According to a local legend, the apparition of Corey appears and walks through the graveyard each time a disaster is about to strike the city. Notably, he was said to have appeared the night before the Great Salem Fire of 1914. The position of Sheriff of Essex County was also said to have suffered from the "curse of Giles Corey," as the holders of that office, since Corwin, had either died or resigned as a result of heart or blood ailments (Corwin died of a heart attack in 1696).
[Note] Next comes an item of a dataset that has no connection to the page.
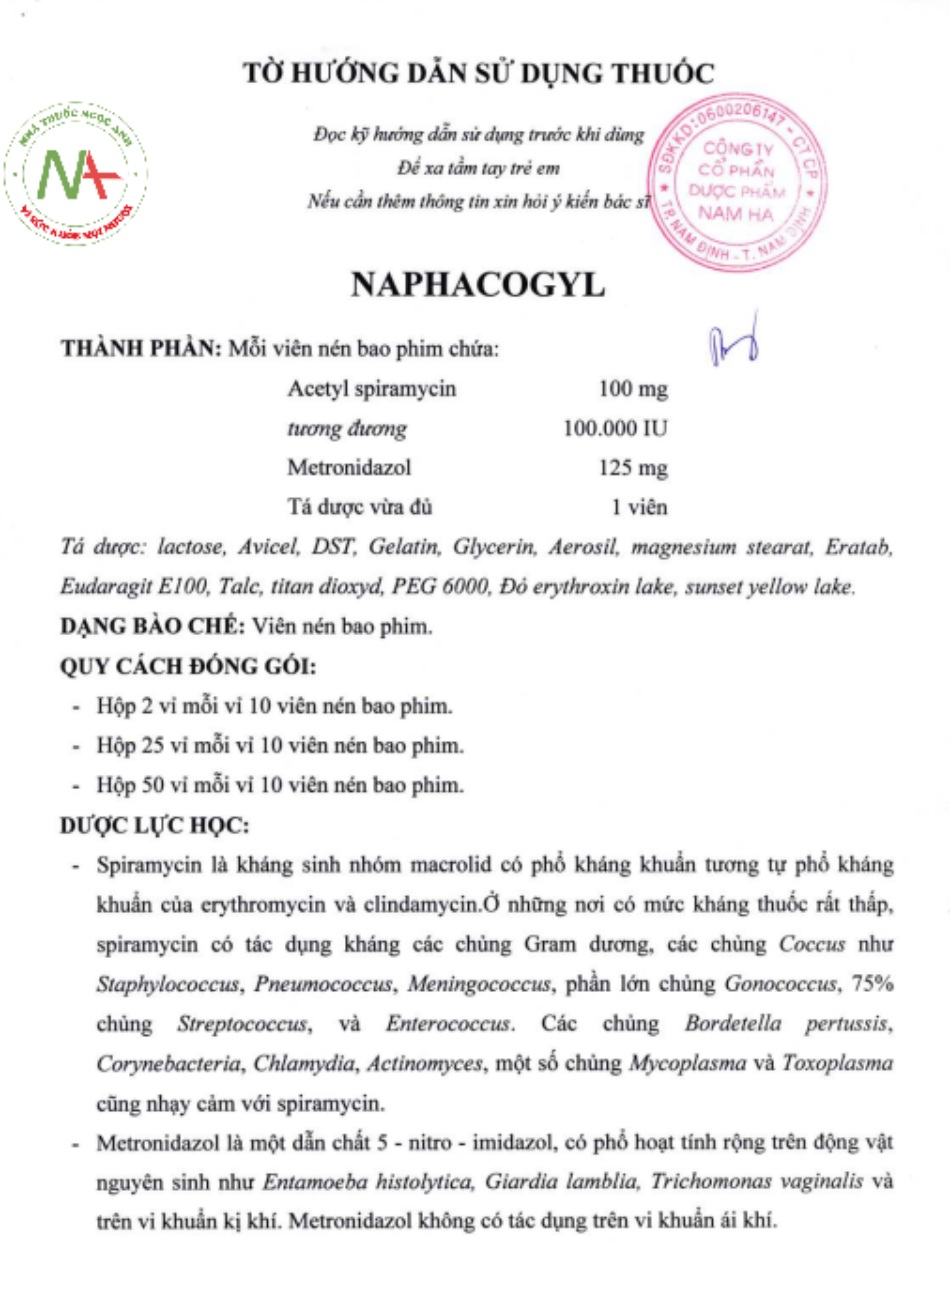 Tờ hướng dẫn sử dụng Naphacogyl

The curse was said to have been broken when the sheriff's office was moved from Salem to Middleton in 1991.

===Literature===
Corey is the subject of a Henry Wadsworth Longfellow play entitled Giles Corey of the Salem Farms and an 1893 play, Giles Corey, Yeoman, by Mary Eleanor Wilkins Freeman.

===Popular culture===
Corey is a character in Arthur Miller's play The Crucible (1953), in which he is portrayed as a hot-tempered but honorable man who gives evidence critical to the witch trials. His wife, Martha, was one of the 19 people hanged during the hysteria on Proctor's Ledge. In The Crucible, Giles feels guilty about his wife's accusation because he had told a minister that Martha had been reading strange books, which was discouraged in that society. Corey also appears in Robert Ward's operatic treatment of the play, in which his role is assigned to a tenor. A movie of the same name was released in 1996, featuring Peter Vaughan as Corey.

Actor Kevin Tighe portrayed Corey in the pilot episode of the WGN television series Salem, in which he is pressed to death in a more-or-less historically accurate manner.

Metalcore band Unearth wrote a song depicting Corey's death on their album III: In the Eyes of Fire.

Corey is the namesake of one of Dan Barrett's musical projects.